Examples of using the Recommender class can be found in the Streamlit source code.

Developing the Streamlit Application

Streamlit was used to quickly develop a user interface that could take user input and provide configurable settings for the user to select the desired style and content; and let user choose to either generate new text or find the most similar passage in the existing text corpus. Attempts were made to share the streamlit application through the Git interface, but build errors were encounted, likely due to memory and compute constraints due to attempting to load the GPT-2 model into the Streamlit servers.

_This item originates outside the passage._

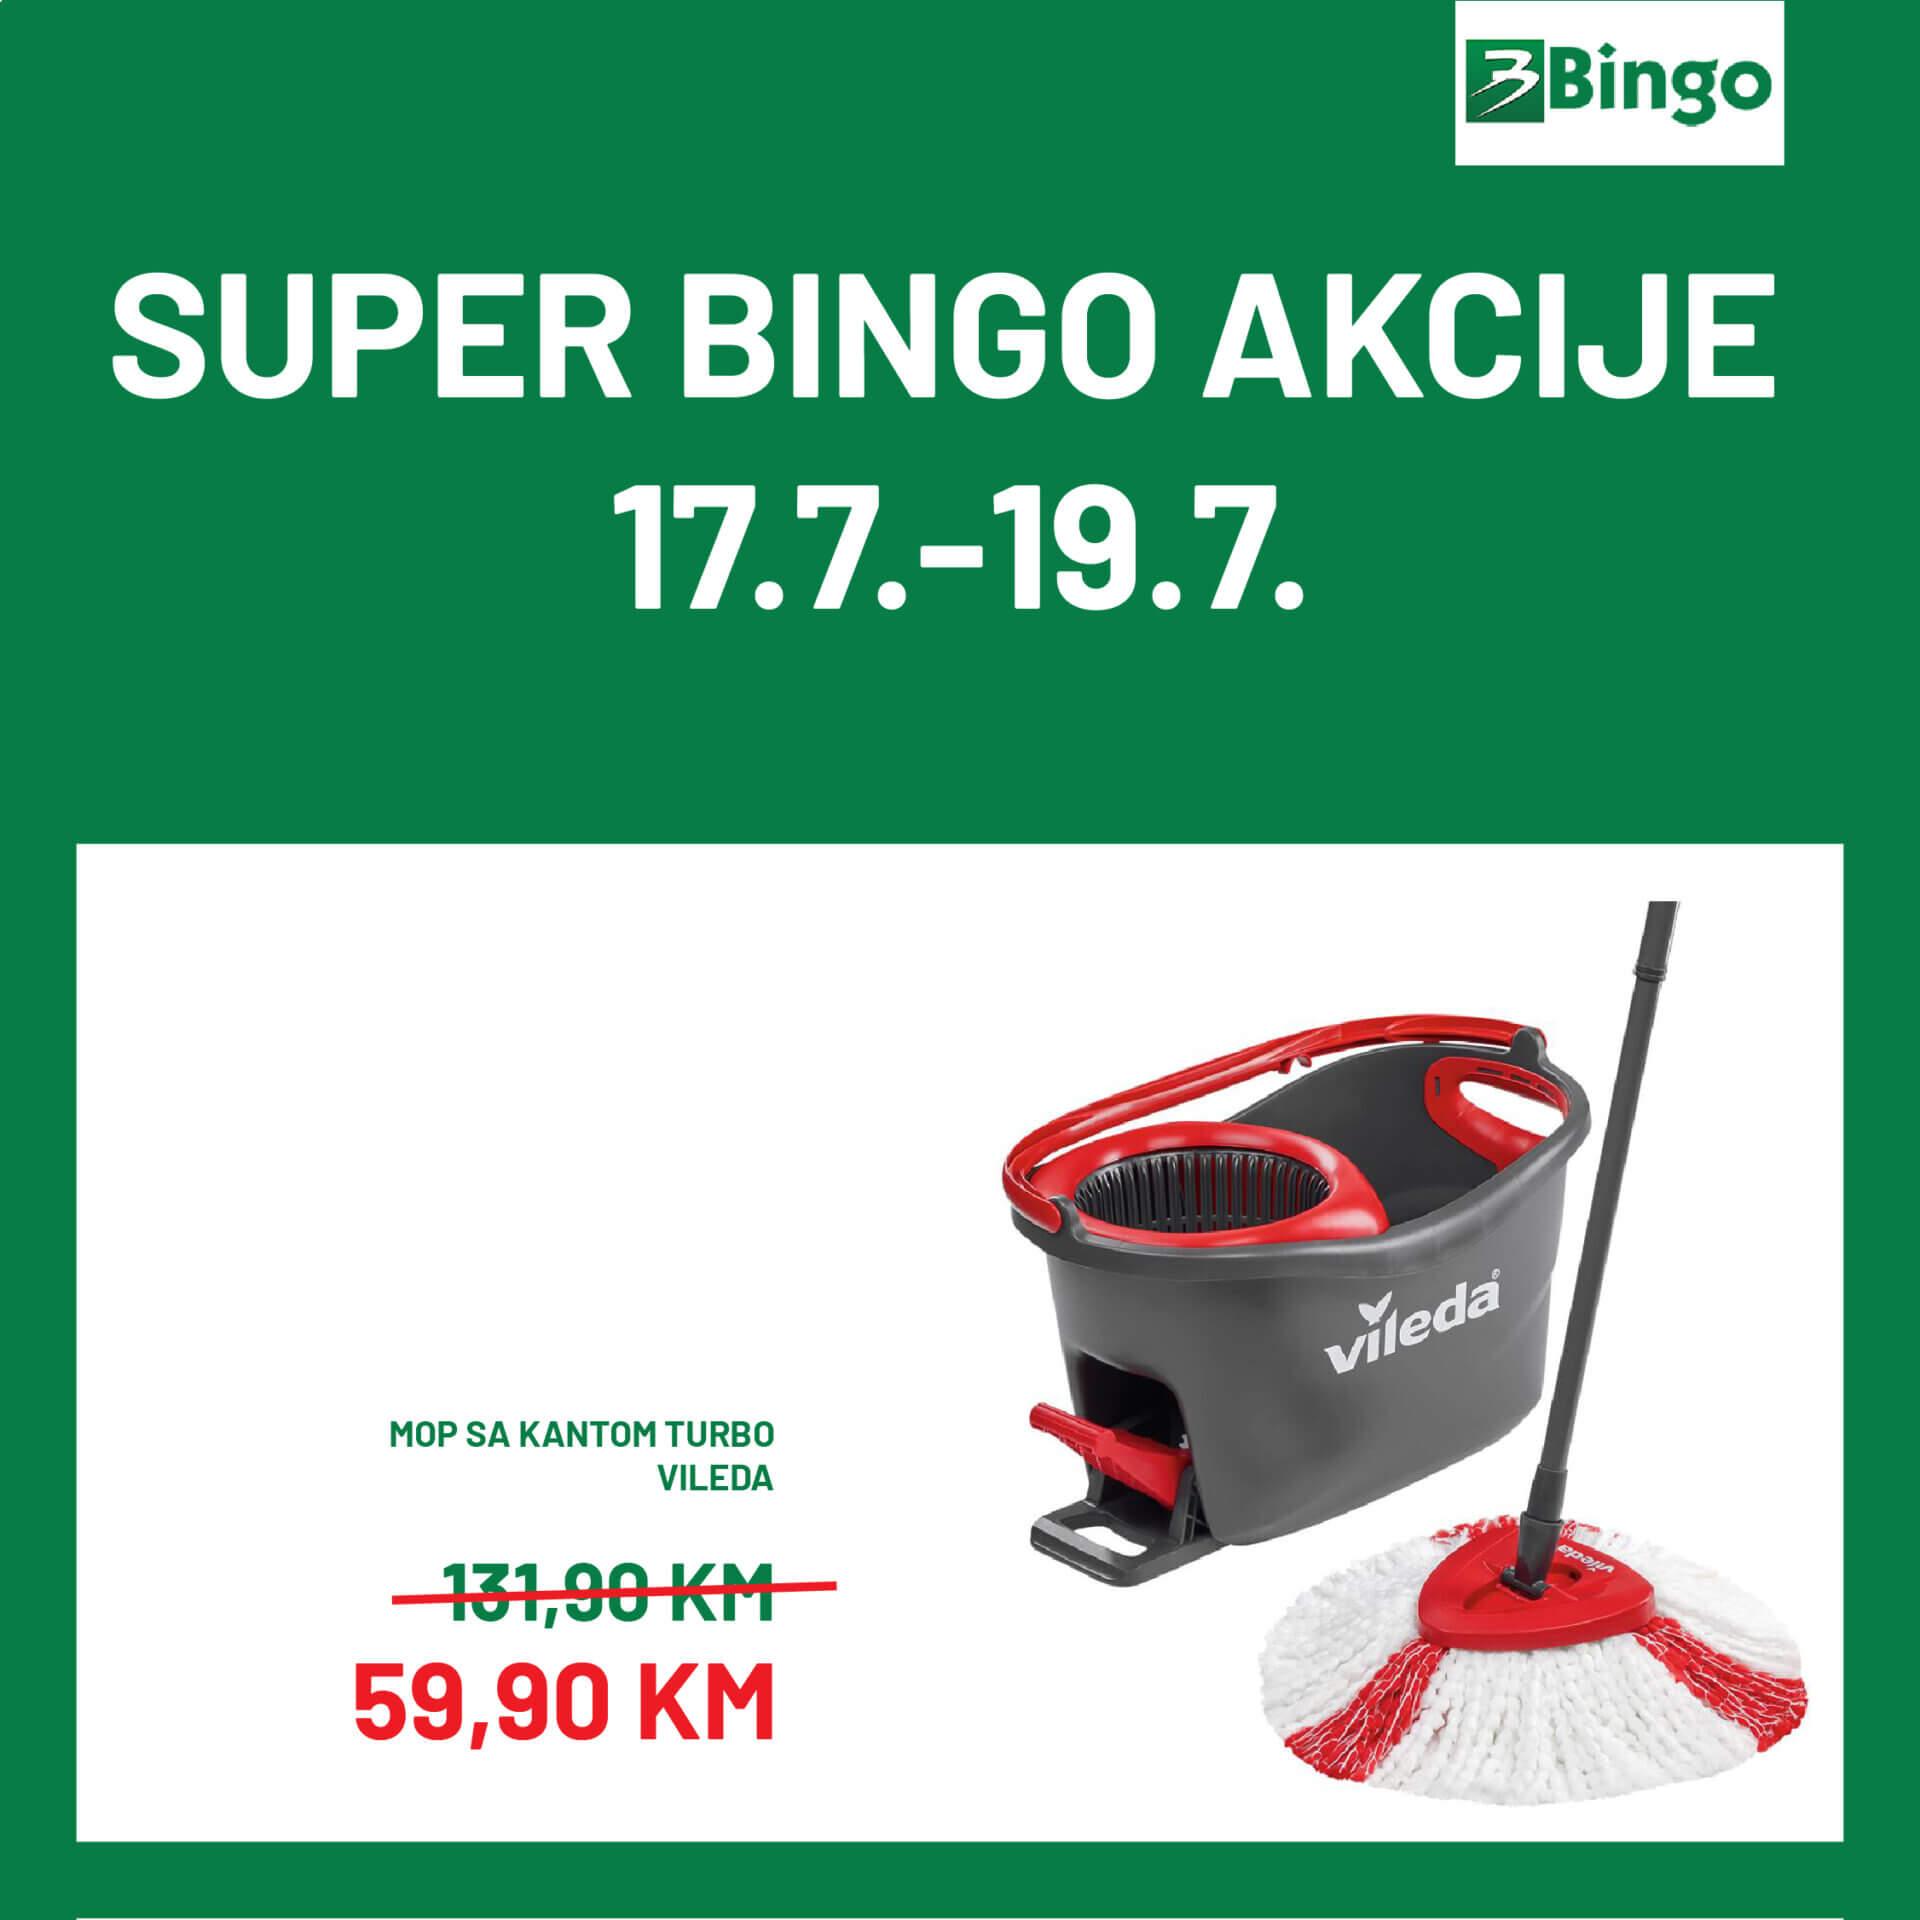 BINGO katalog Page 1 1

The code can be run locally using the following command after saving the keyword files, model weights, and corpus DB to a data folder from the previous commands:

streamlit run wisdom.py

Model Training Infrastructure

Google Colab Pro was used for all components of the data extraction and model training, additionally providing a secure and robust logging mechanism by reading and writing directly to and from Google Drive.

Discussion and Next Steps

When using the application, the model did a relatively poor job at providing text that was anecdotally related to the source traditions and content topics of interest. This is most likely due to the esoteric nature of the texts, and the likelihood that the underlying base model did not incorporate a large collection of sacred wisdom texts in the pre-trained model corpus. Future work should focus on ingesting a large corpus of the sacred texts across traditions, which are often freely available due to the public availablity of these ancient texts. Once a new corpus of texts are collected, they should be used to fine-tune the underlying based models to provide a base-model that has a broader spectrum of language across the styles and content of interest.